My interpretation of how the restructure will work is that the Committee will create a jumbo fund by amalgamating all the assets of all the trusts, with the exception of Skeena Trust that has been restructured separately. All the assets will be placed into two categories based on credit quality – senior and junior. The Committee will look at each trust and determine which assets belong in which category and assign notes accordingly to each investor. It is likely that the junior notes will be subordinate to the senior notes and take first losses.

This plan has its advantages and its disadvantages. Generally, investors will be better off, as all the assets will be pooled together to form greater diversification. However, this simplified approach also has its disadvantages and raises a lot of questions. Can we really separate all the assets into two categories?

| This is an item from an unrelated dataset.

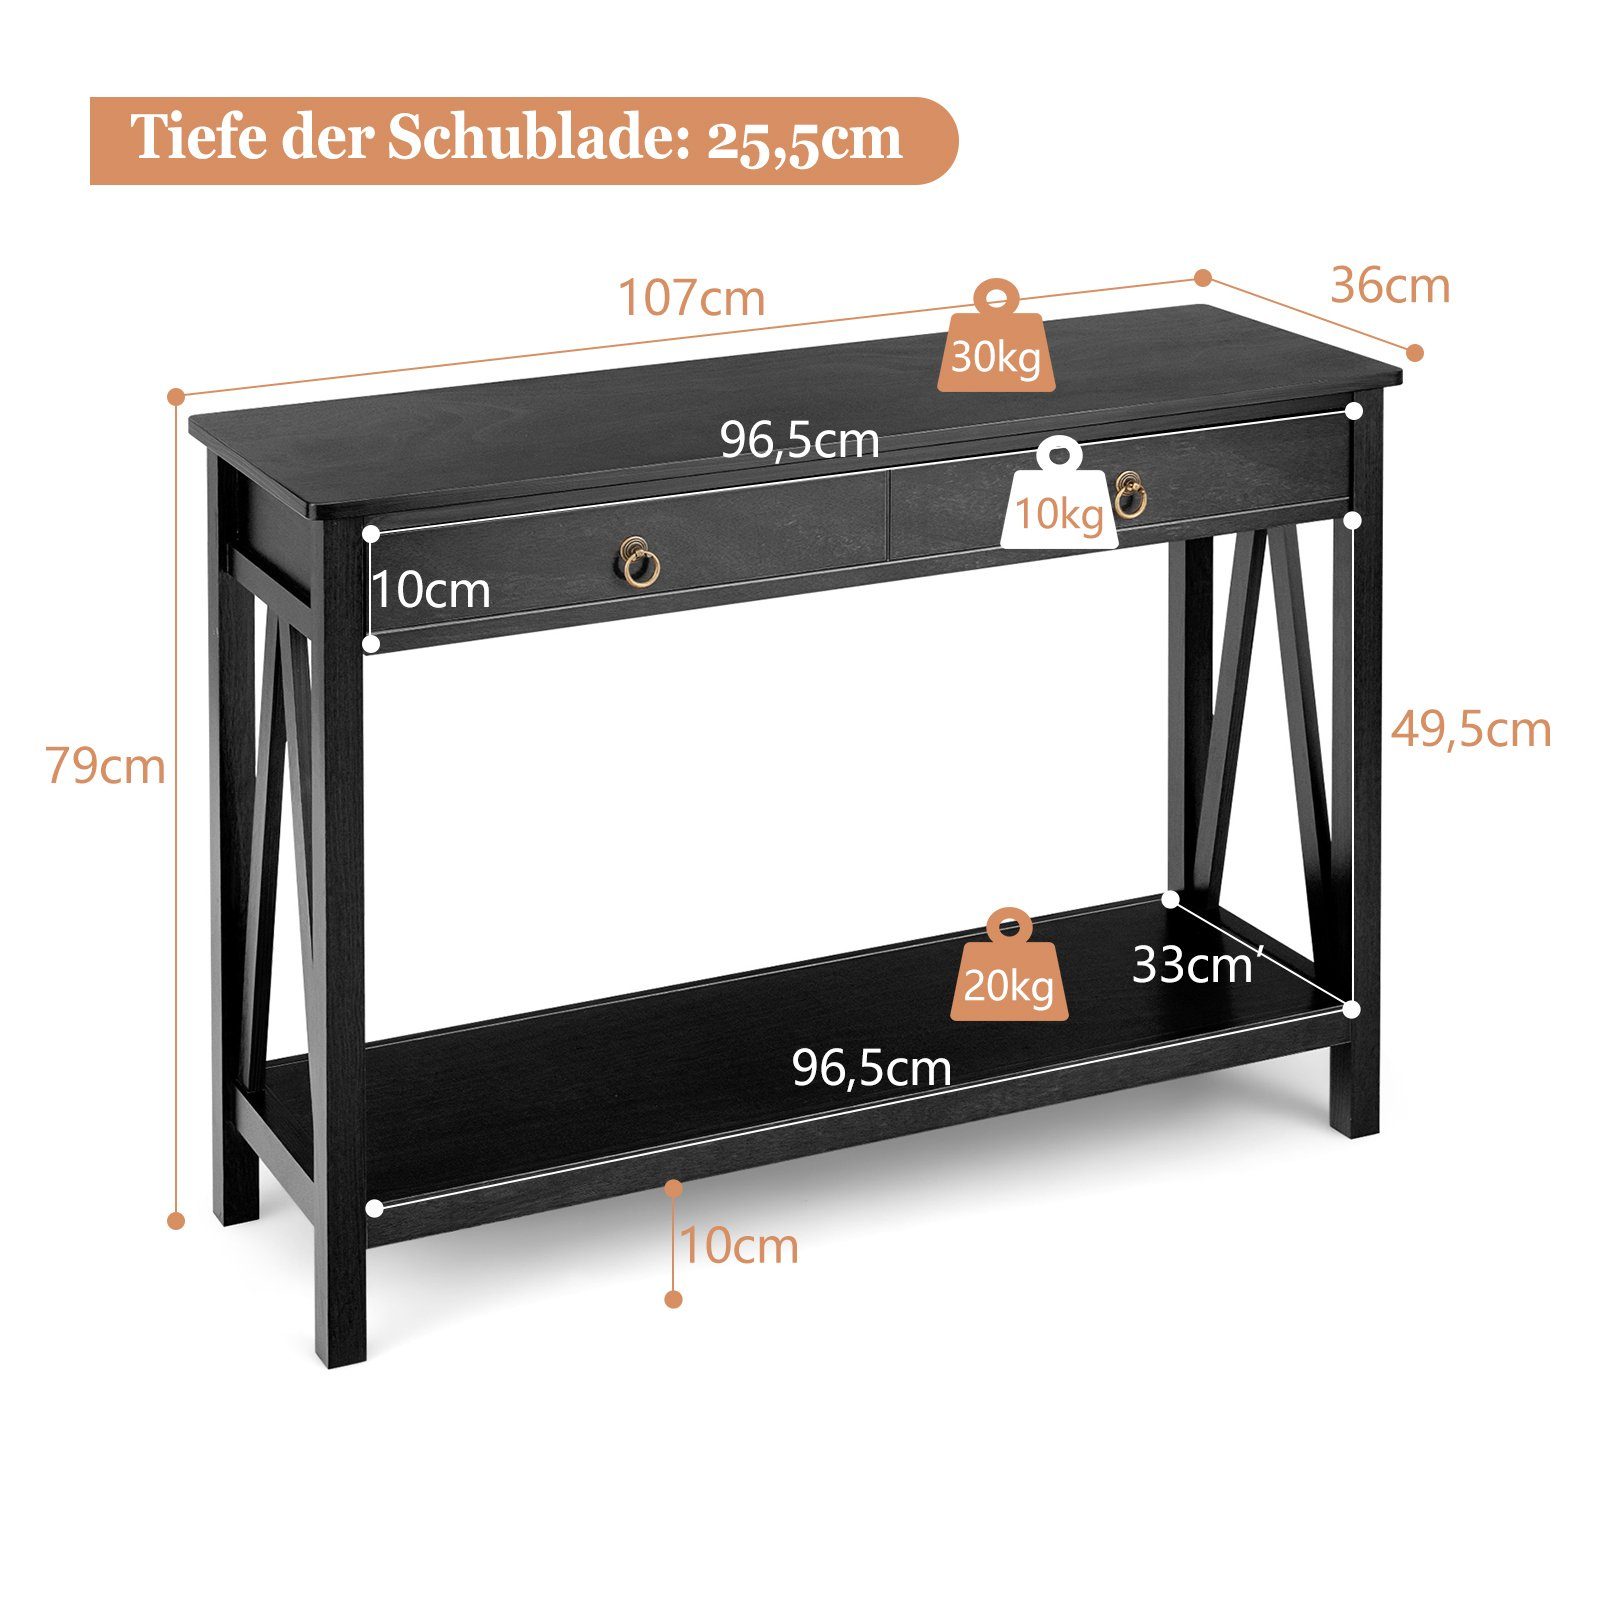 COSTWAY Konsolentisch, mit Schublade&Ablage, schmal, 107x36cm, schwarz Holz

How will they be separated? Is a leveraged super senior corporate CDO that is levered five times in the same bucket as a CDO levered 40 times? Do all traditional securitization assets get thrown into senior? Does that mean that Canadian subprime mortgages are in the same bucket as a bank’s line of credits? What I am trying to get at here is that investors who bought very high quality trusts may receive more senior notes, but their assets may still be diluted with poorer quality assets. In the long run, some will be better off with this plan and others will be worse off.

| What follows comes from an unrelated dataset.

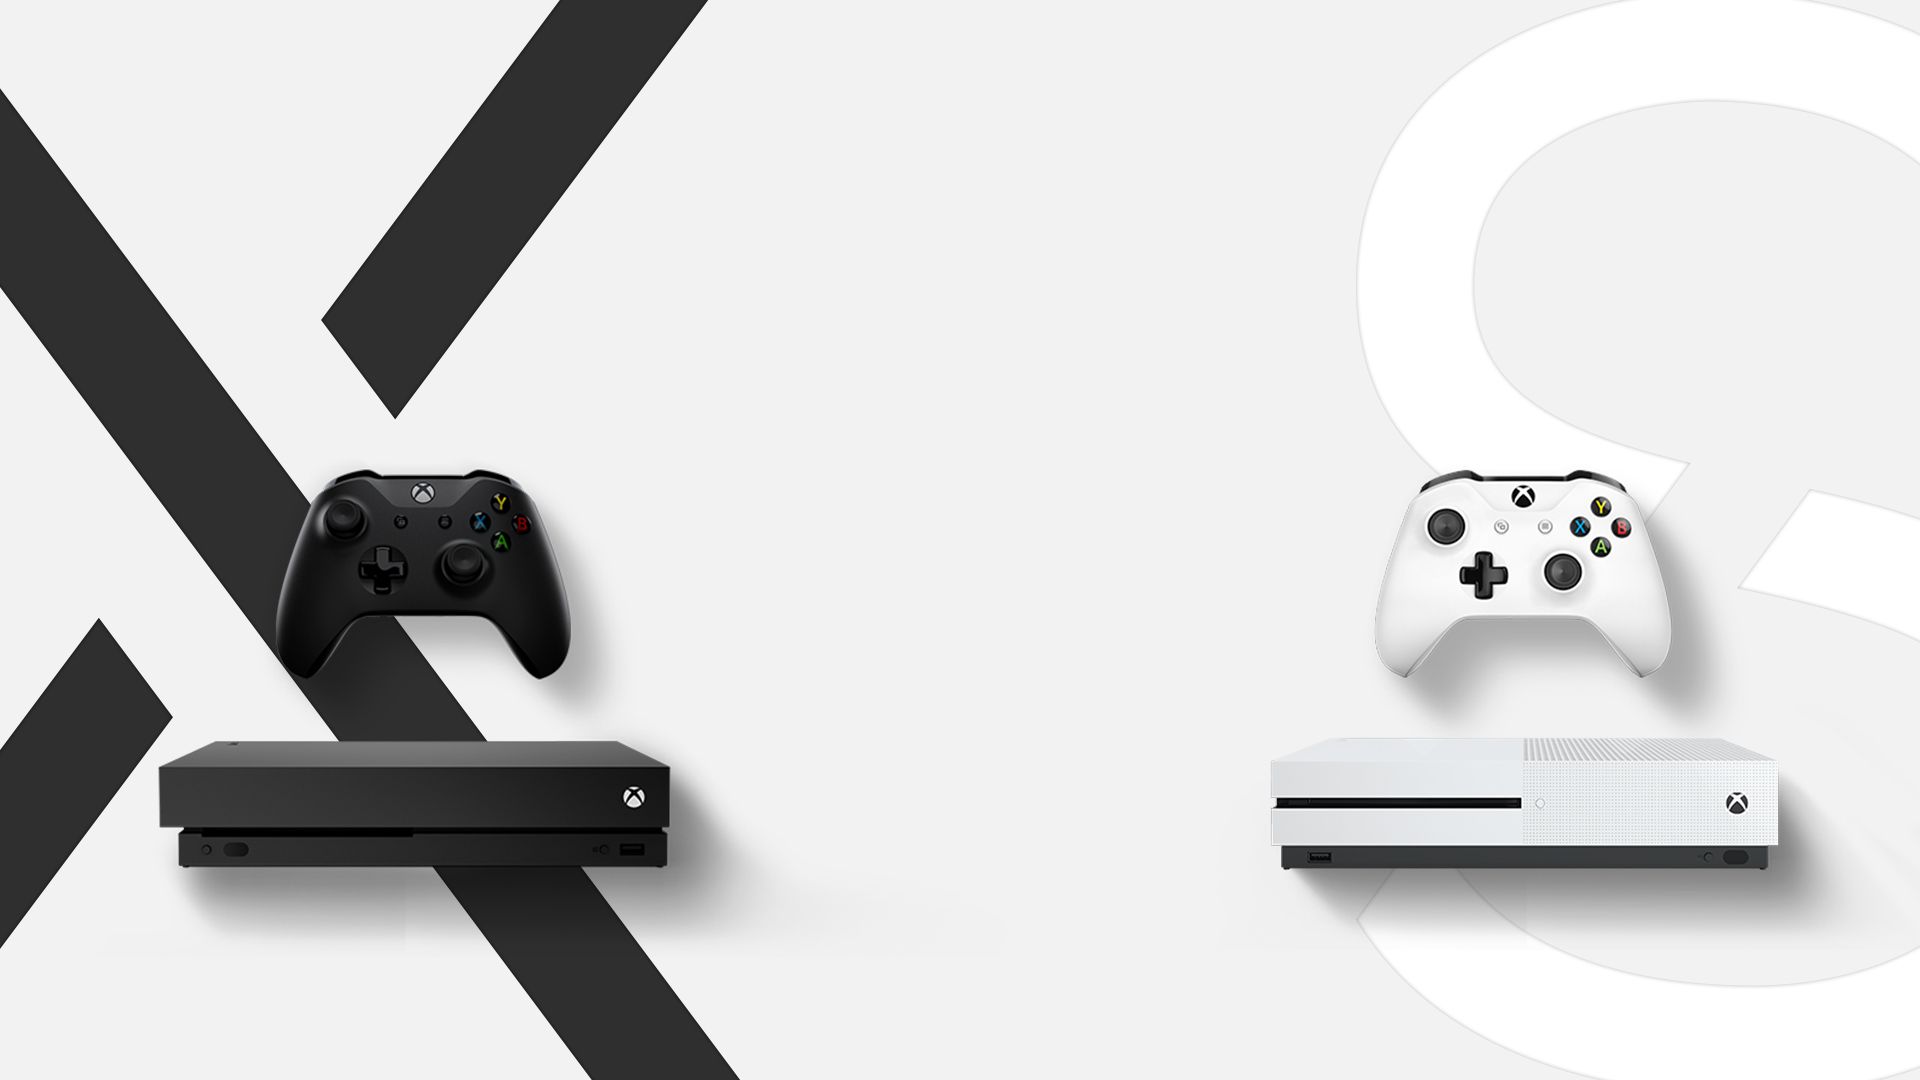 Çözüldü: Yeni nesil konsollar çıkarken Xbox One S almak mantıklı mıdır? |  Technopat Sosyal

I applaud Mr. Crawford’s committee for the progress made thus far. It appears they have had several successes including the restructure of Skeena Trust, the extension of the standstill period until now and a plan that may receive super majority support. Having said that, it would still be prudent for investors to fully understand the implications of this plan before signing on to the agreement. My opinion is that the assets cannot simply be sliced into two categories – good and bad. The complexities warrant more categories if we hope to have a more equitable outcome for all investors.

Finally, as the Committee has decided not to release any more information on the assets to facilitate a secondary market until the new year, I certainly hope that they provide some relief in the form of liquidity in the interim to investors who cannot wait until the spring to get some cash back.